Here is an example of how to use AWK to process some in-memory data:
std::istrstream instr{
"Record 1\n"
"Record 2\n"
};
AWKINTERP *pi = awk_init (NULL);
awk_setprog (pi, "{print NR, $0}");
awk_compile (pi);
awk_infunc (pi, []()->;int {return instr.get (); });
awk_setoutput
#
int awk_setoutput (AWKINTERP* pi, const char *fname);
Redirect interpreter output to a file. By default, the interpreter output goes to stdout. Using this function, you can redirect it to a different file.
Example:
AWKINTERP *pi = awk_init (NULL);
awk_setprog (pi, "BEGIN {print \"Output redirected\"}");
awk_compile (pi);
awk_setoutput (pi, "results.txt");
awk_exec (pi);
awk_outfunc
#
void awk_outfunc (AWKINTERP* pi, outproc fn);
Change the output function with a user-defined function. The outproc
function signature is:
typedef int (*outproc)(const char *buf, size_t len);
Example:
std::ostringstream out;
int strout (const char *buf, size_t sz)
{
out.write (buf, sz);
return out.bad ()? - 1 : 1;
}
//...
AWKINTERP *pi = awk_init (NULL);
awk_setprog (pi, "BEGIN {print \"Output redirected\"}");
awk_compile (pi);
awk_outfunc (pi, strout);
awk_getvar
#
int awk_getvar (AWKINTERP *pi, awksymb* var);
Retrieves the value of an AWK variable. The function returns 1 if successful or a negative error code otherwise.

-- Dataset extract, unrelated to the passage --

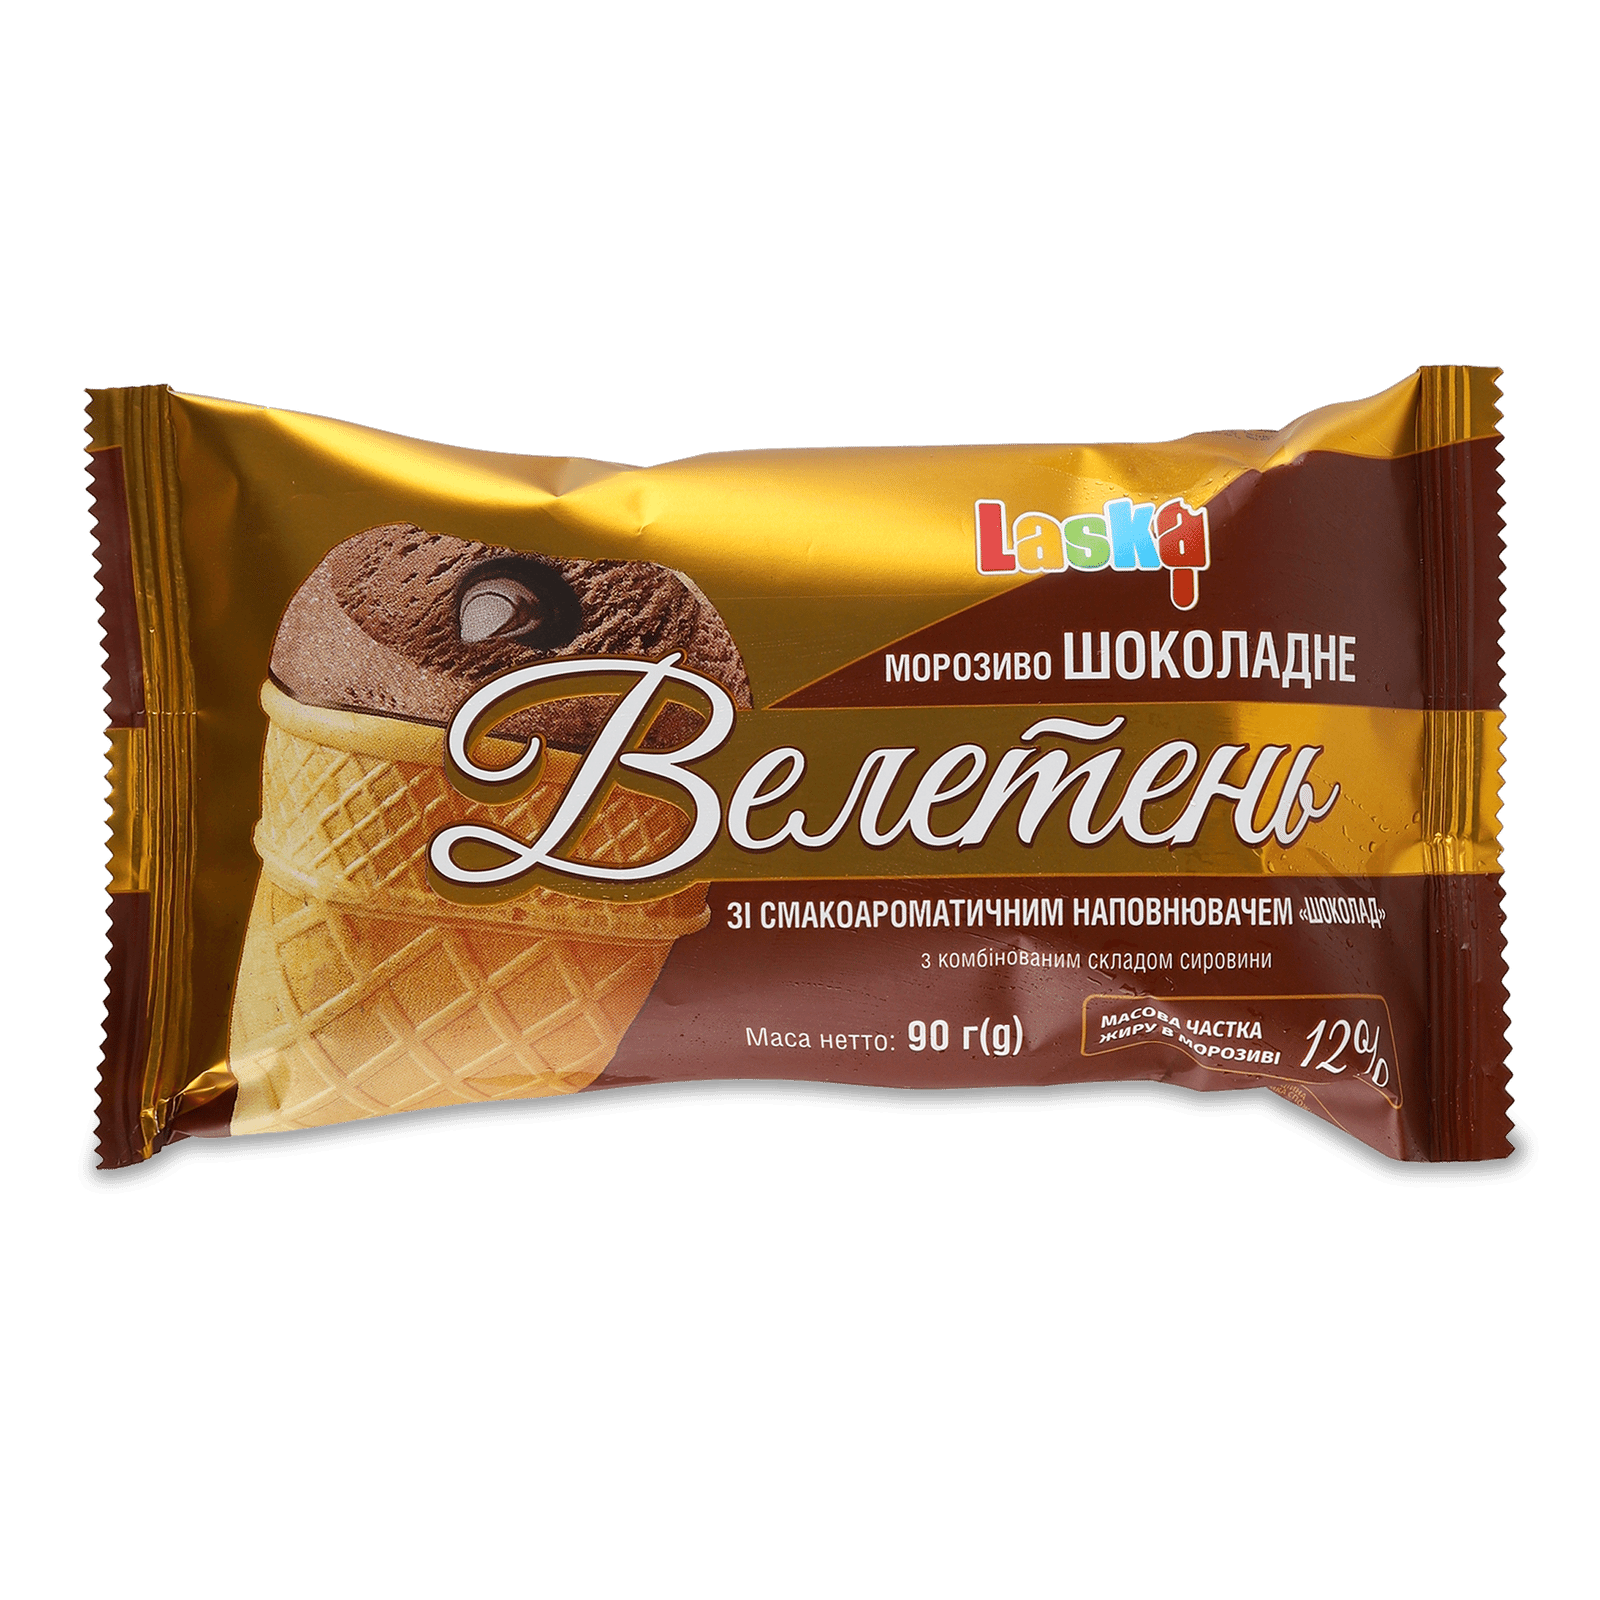 Морозиво Laska Велетень шоколадне 12% - 1

If the variable is an array and the index
member is NULL, the function returns AWK_ERR_ARRAY
error code.
For string variables, the AWKSYMB_STR
flag is set and the function allocates the memory needed for the string by calling malloc
. The user has to release the memory by calling free
.
Example:
AWKINTERP *pi = awk_init (NULL);
awksymb var{ "NR" };
awk_setprog (pi, "{print NR, $0}\n");
awk_compile (pi);
awk_getvar (pi, &var);
awk_setvar
#
int awk_setvar (AWKINTERP *pi, awksymb* var);
Changes the value of an AWK variable. The function takes a pointer to an awksymb
structure with information about the variable. The user must set the flags
member of the awksymb
structure to indicate which values are valid (string or numerical). In addition, for array members, the user must specify the index and set the `AWKSYMB_ARR flag.
If the variable does not exist, it is created.
Example:
AWKINTERP *pi = awk_init (NULL);
awksymb v{ "myvar", NULL, AWKSYMB_NUM, 25.0 };
awk_setprog (pi, "{myvar++; print myvar}\n");
awk_compile (interp);
awk_compile (pi);
awk_setvar (pi, &v);
awk_exec (pi); //output is "26"
awk_addfunc
#
Adds a user defined function to the interpreter.

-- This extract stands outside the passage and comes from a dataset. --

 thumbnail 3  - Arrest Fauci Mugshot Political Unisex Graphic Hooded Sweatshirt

int awk_addfunc (AWKINTERP *pi, const char *name, awkfunc fn, int nargs);
Parameters:
pi
- pointer to an interpreter objectname
- function namefn
- pointer to function. See [awkfunc] for prototype.nargs
- number of function arguments
The function returns 1 if successful or a negative error code otherwise.
External user-defined functions can be called from AWK code just like any AWK user-defined function. The nargs
parameter specifies the expected number of parameters but, like with any AWK function, the number of actual arguments can be different. The interpreter will provide null values for any missing parameters.
The function can return a value by setting it into the ret
variable and setting the appropriate flags. String values must be allocated using malloc
.
It should be called only after the AWK program has been compiled.
Example:
void fact (AWKINTERP *pi, awksymb* ret, int nargs, awksymb* args)
{
int prod = 1;
for (int i = 2; i <= args[0].fval; i++)
prod *= i;
ret->fval = prod;
ret->flags = AWKSYMB_NUM;
}
//...
awk_setprog (pi, " BEGIN {n = factorial(3); print n}");
awk_compile (pi);
awk_addfunc (pi, "factorial", fact, 1);
awk_exec (pi);
Final thoughts #
The source code has been compiled with VisualStudio 2020. There is also a small makefile for gcc. The syntax analyzer uses YACC so you will need a YACC compiler if you want to do a full rebuild. I have included however the files generate by YACC (ytab.cpp
and ytab.h
) so you can build it even if you don’t have a YACC compiler.
This concludes the presentation of my embedded AWK interpreter. It can be easily incorporated into a C/C++ program and has a good communication with host program. The host can access any interpreter variable and the interpreter can call external functions defined by host program. Size-wise, the interpreter is very small. You can expect an overhead of about 100 KB which is a decent number when compared with other interpreters (Lua takes about twice as much).
I will continue to improve the embedded AWK interpreter. If you want to contribute to this project or just get the latest version you can find it at: https://github.com/neacsum/awk.
History #
6-Apr-2020 Initial version